Exercise brief. Please set down, unchanged, each line from the one with "Mont Alpi 400" to the final line of the data below, both included. Drop the pictures.

Raw data.
▶

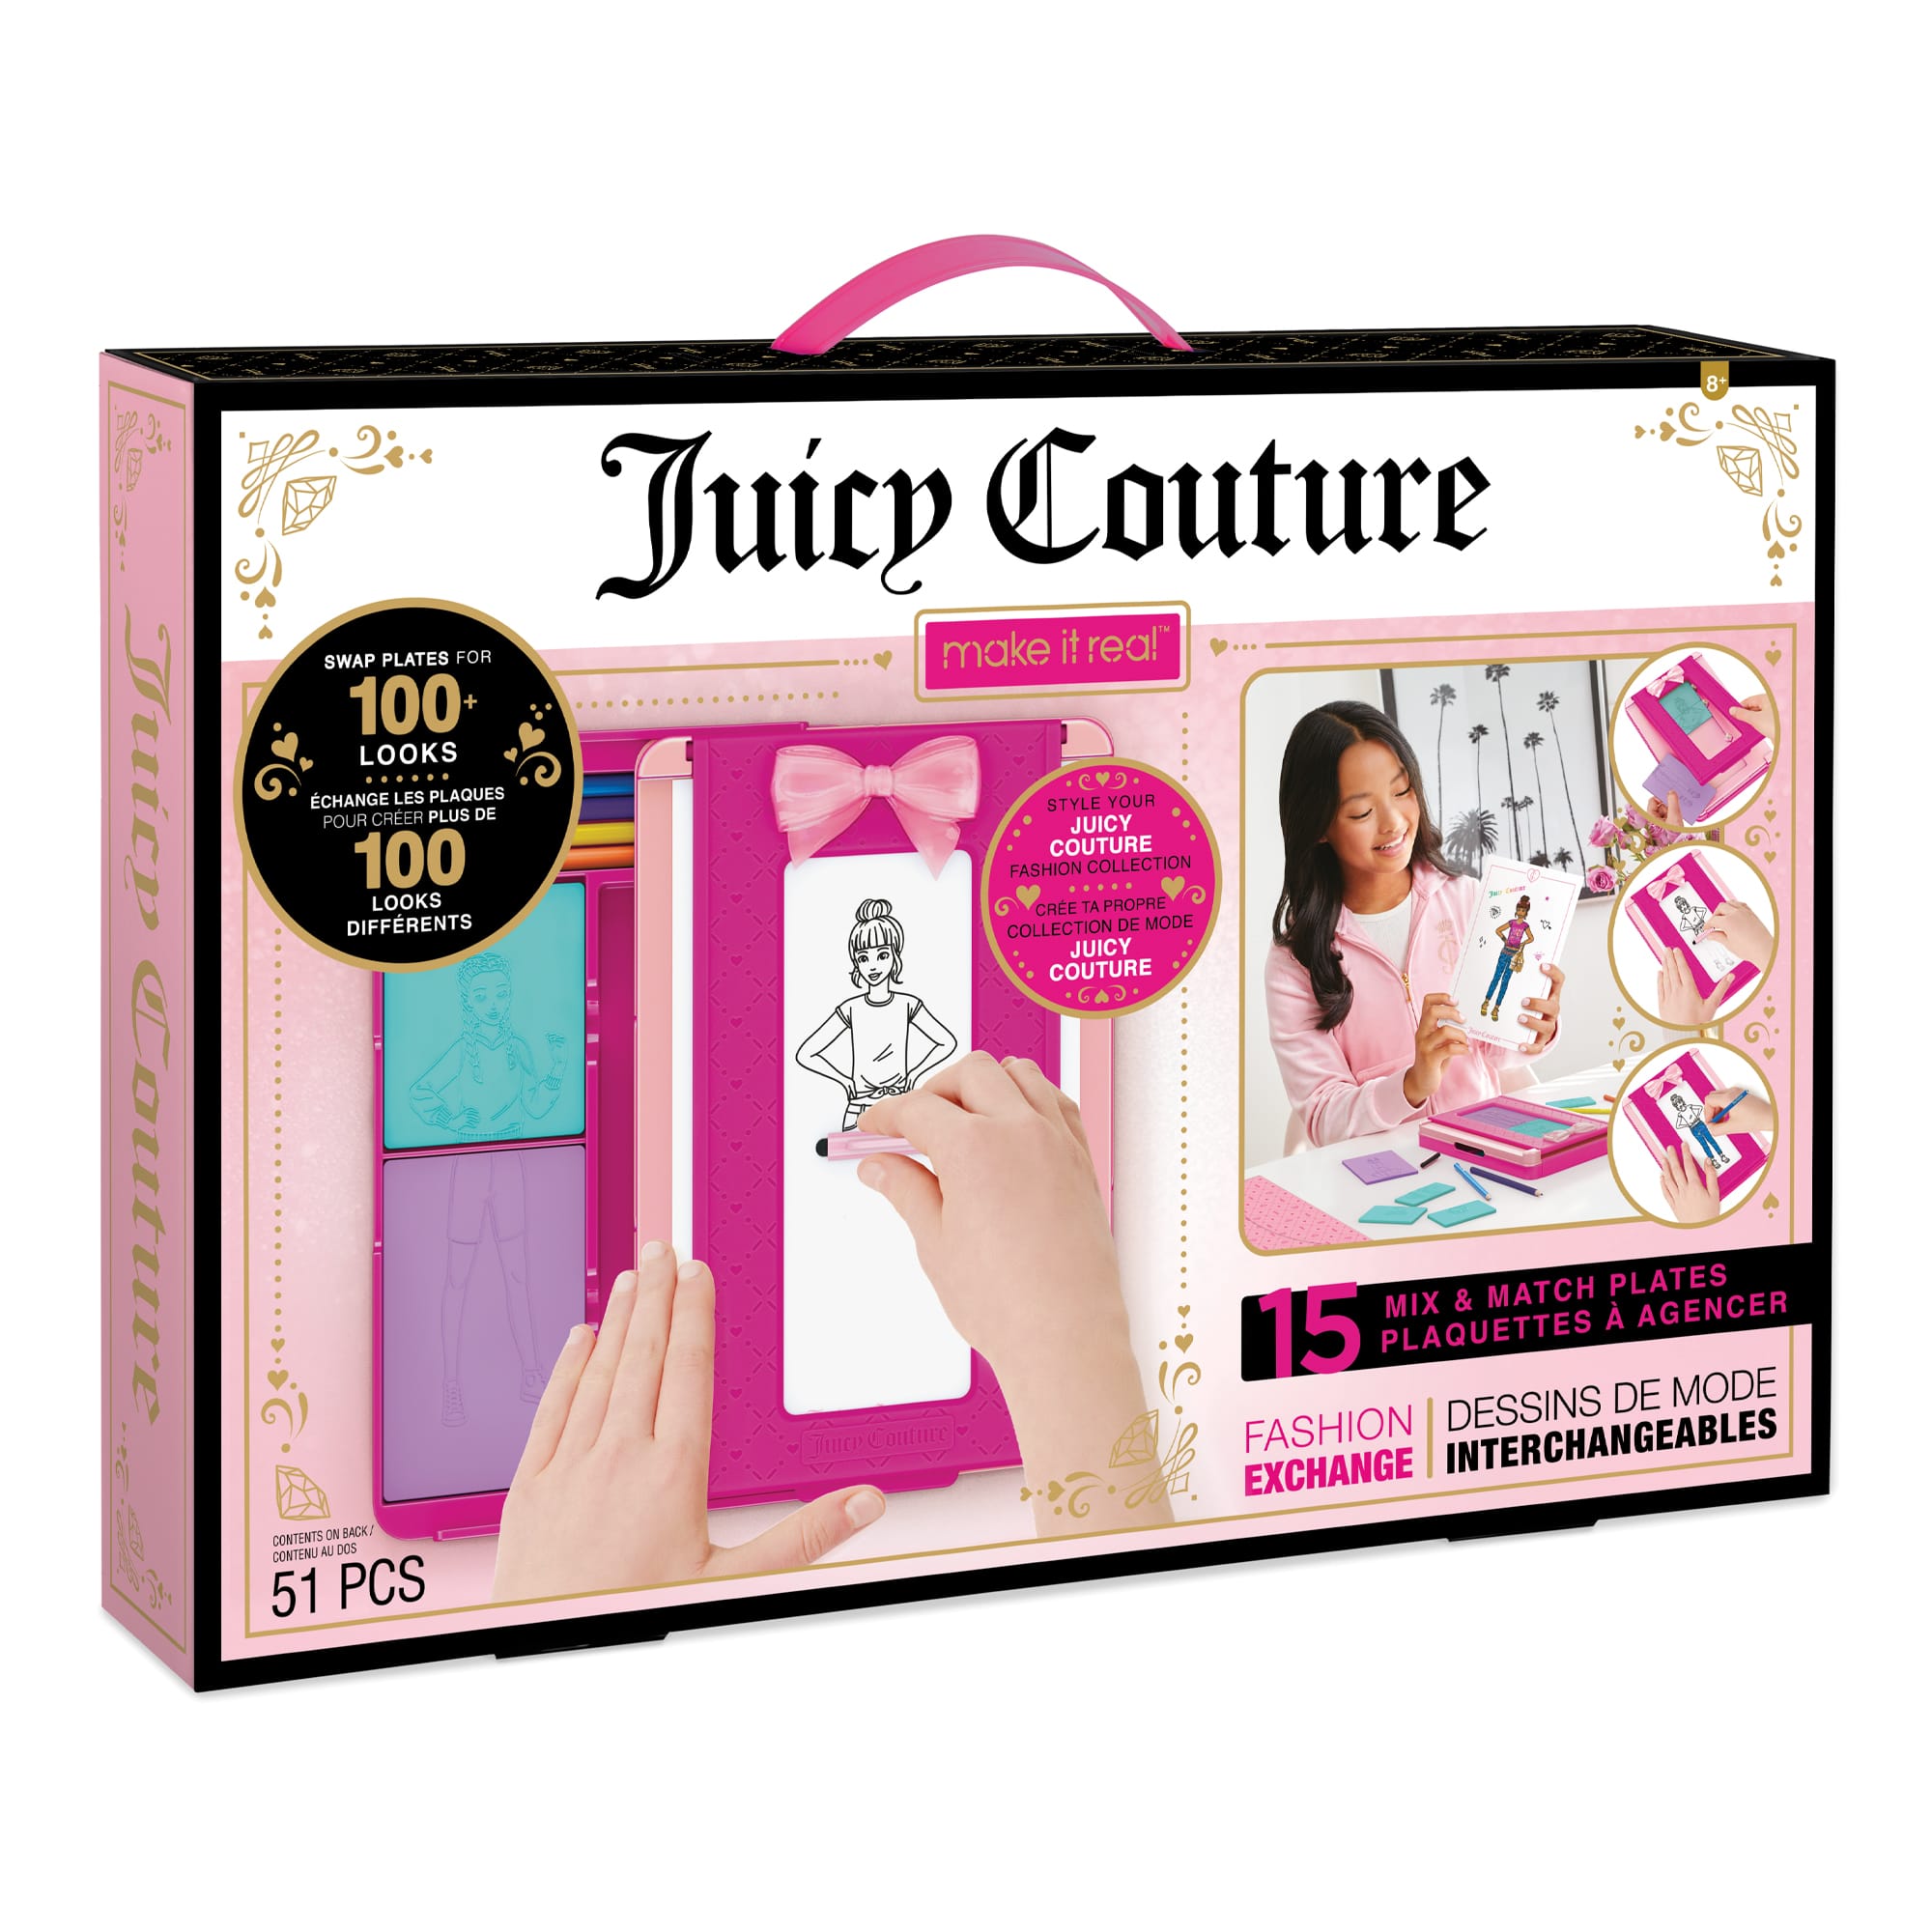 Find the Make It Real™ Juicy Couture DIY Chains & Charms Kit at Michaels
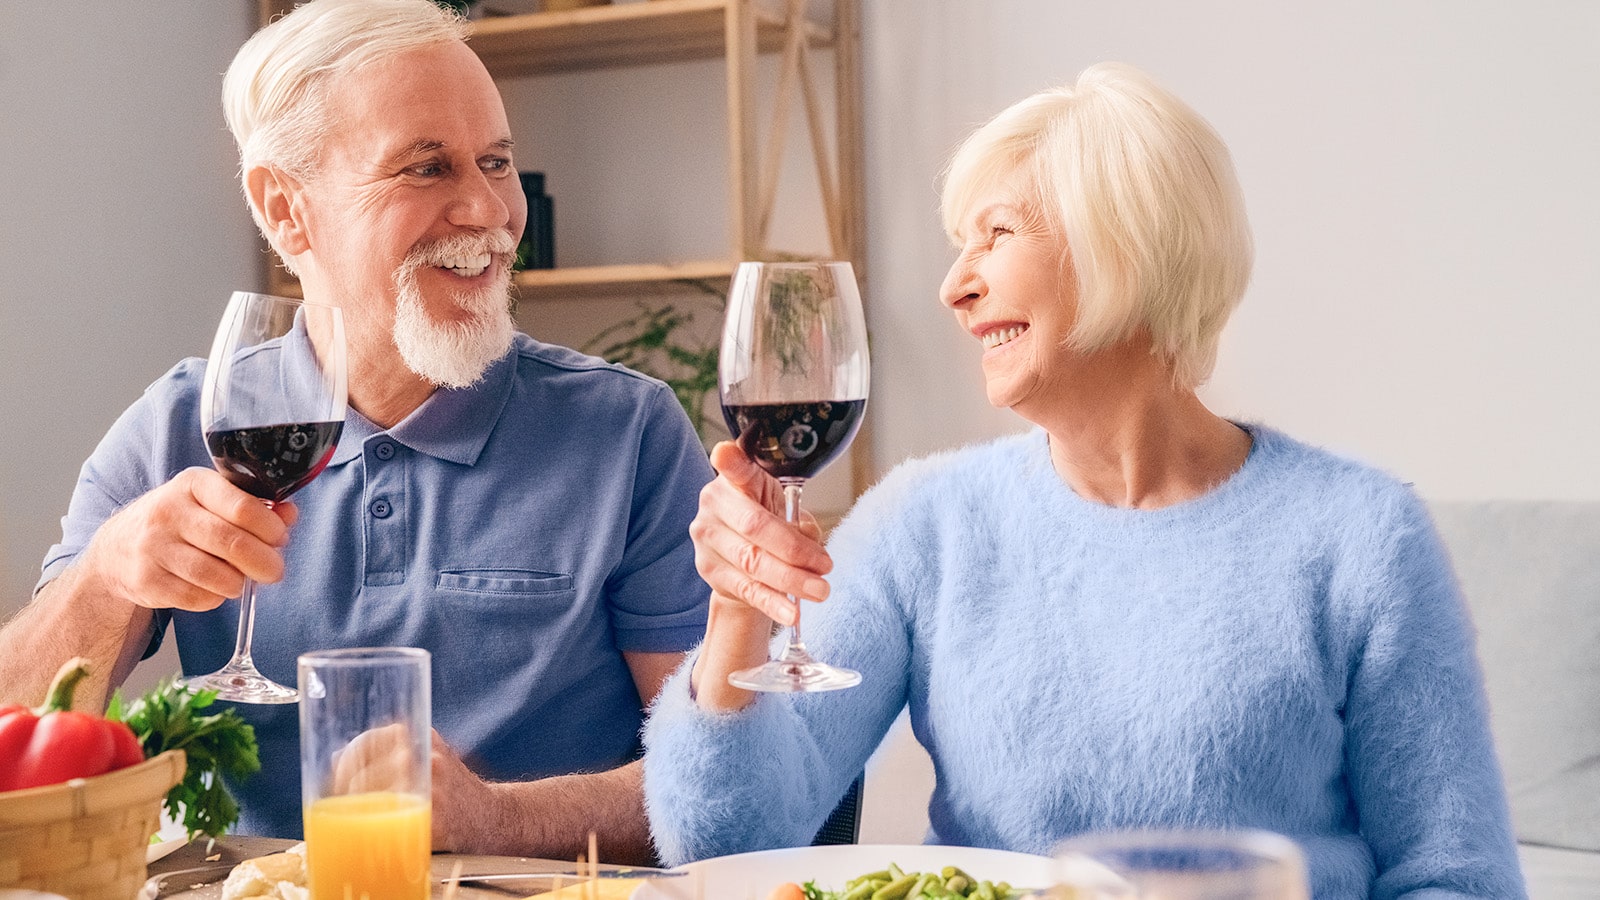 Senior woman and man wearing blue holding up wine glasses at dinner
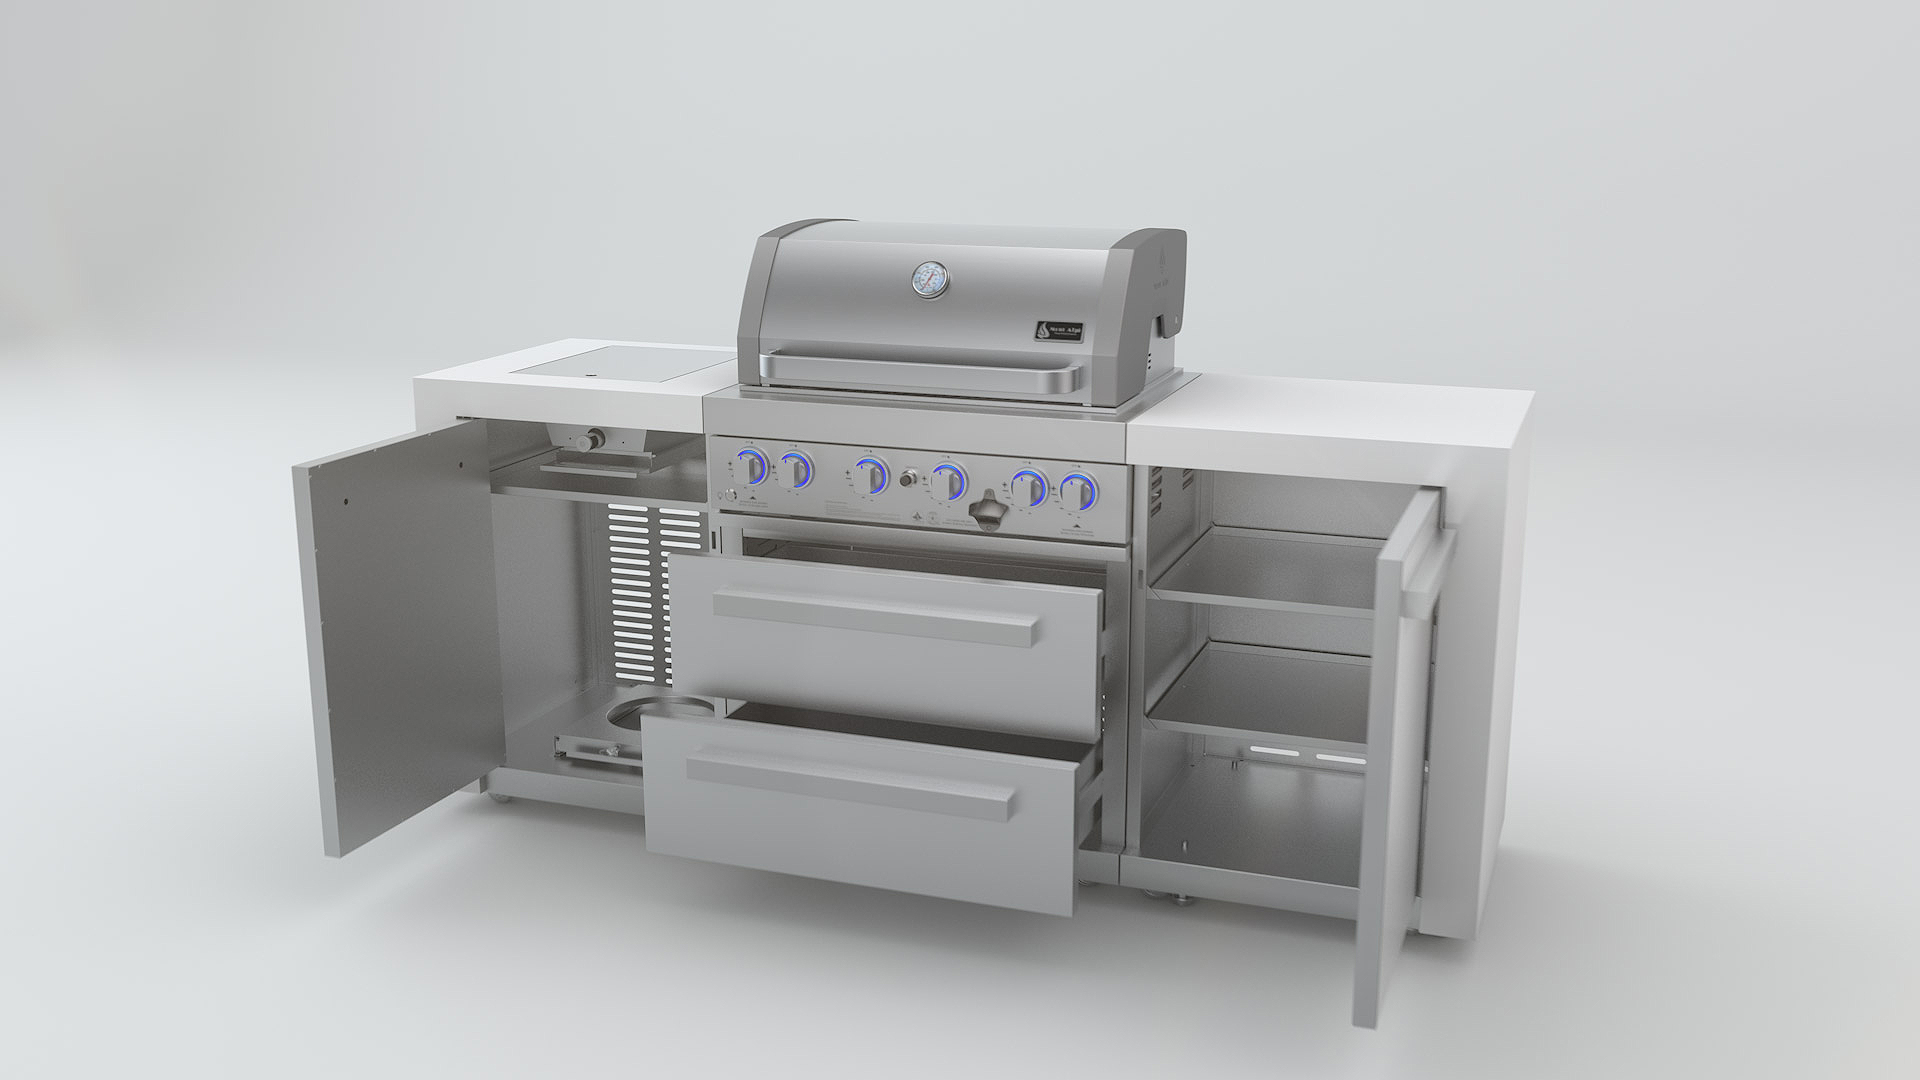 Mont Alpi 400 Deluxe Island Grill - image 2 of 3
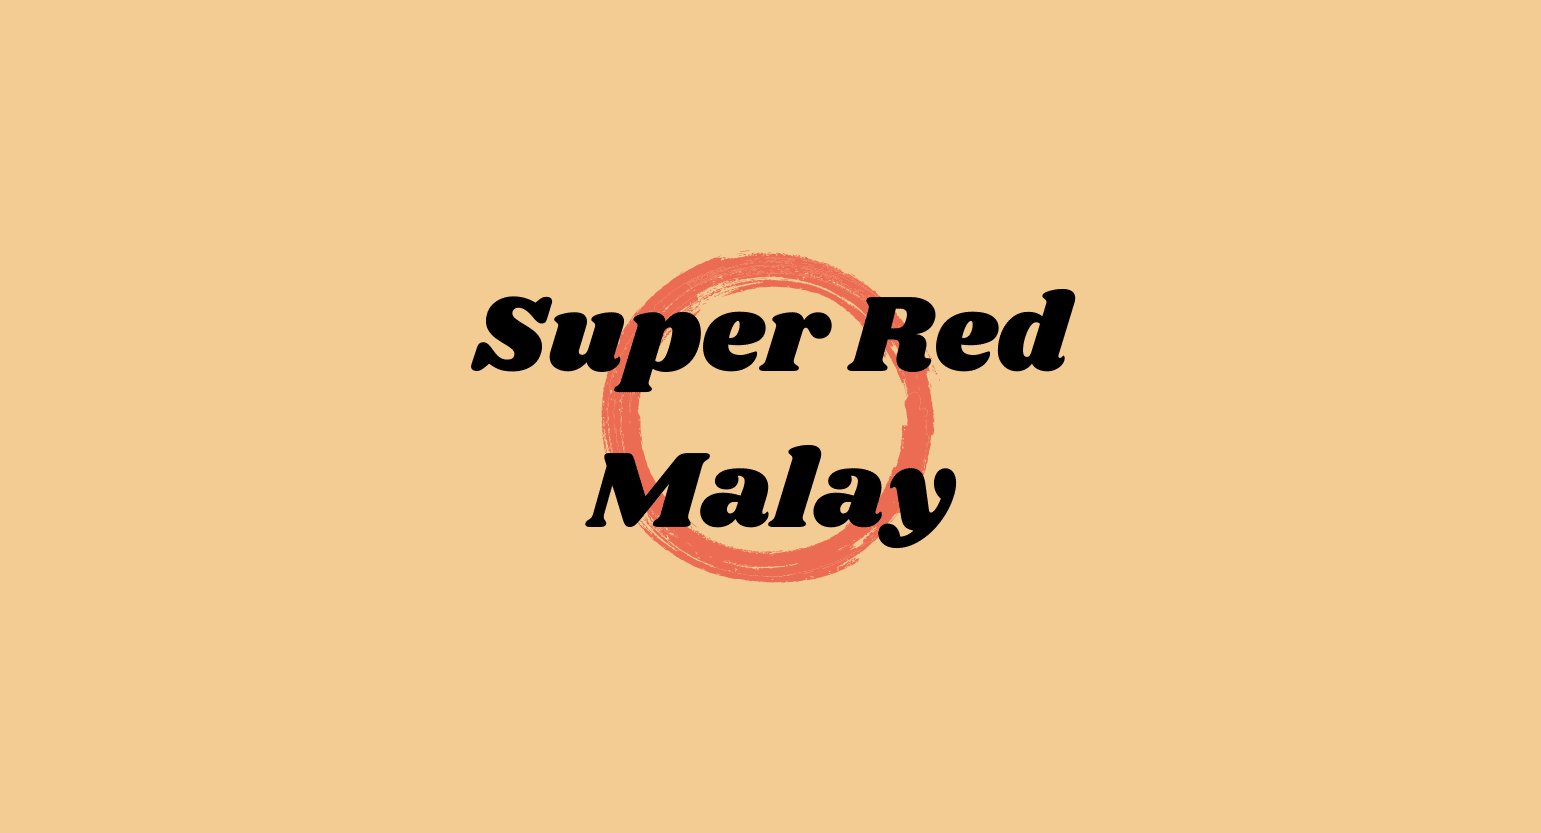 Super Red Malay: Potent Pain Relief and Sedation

◀

Result of the task.
 Mont Alpi 400 Deluxe Island Grill - image 2 of 3
 Super Red Malay: Potent Pain Relief and Sedation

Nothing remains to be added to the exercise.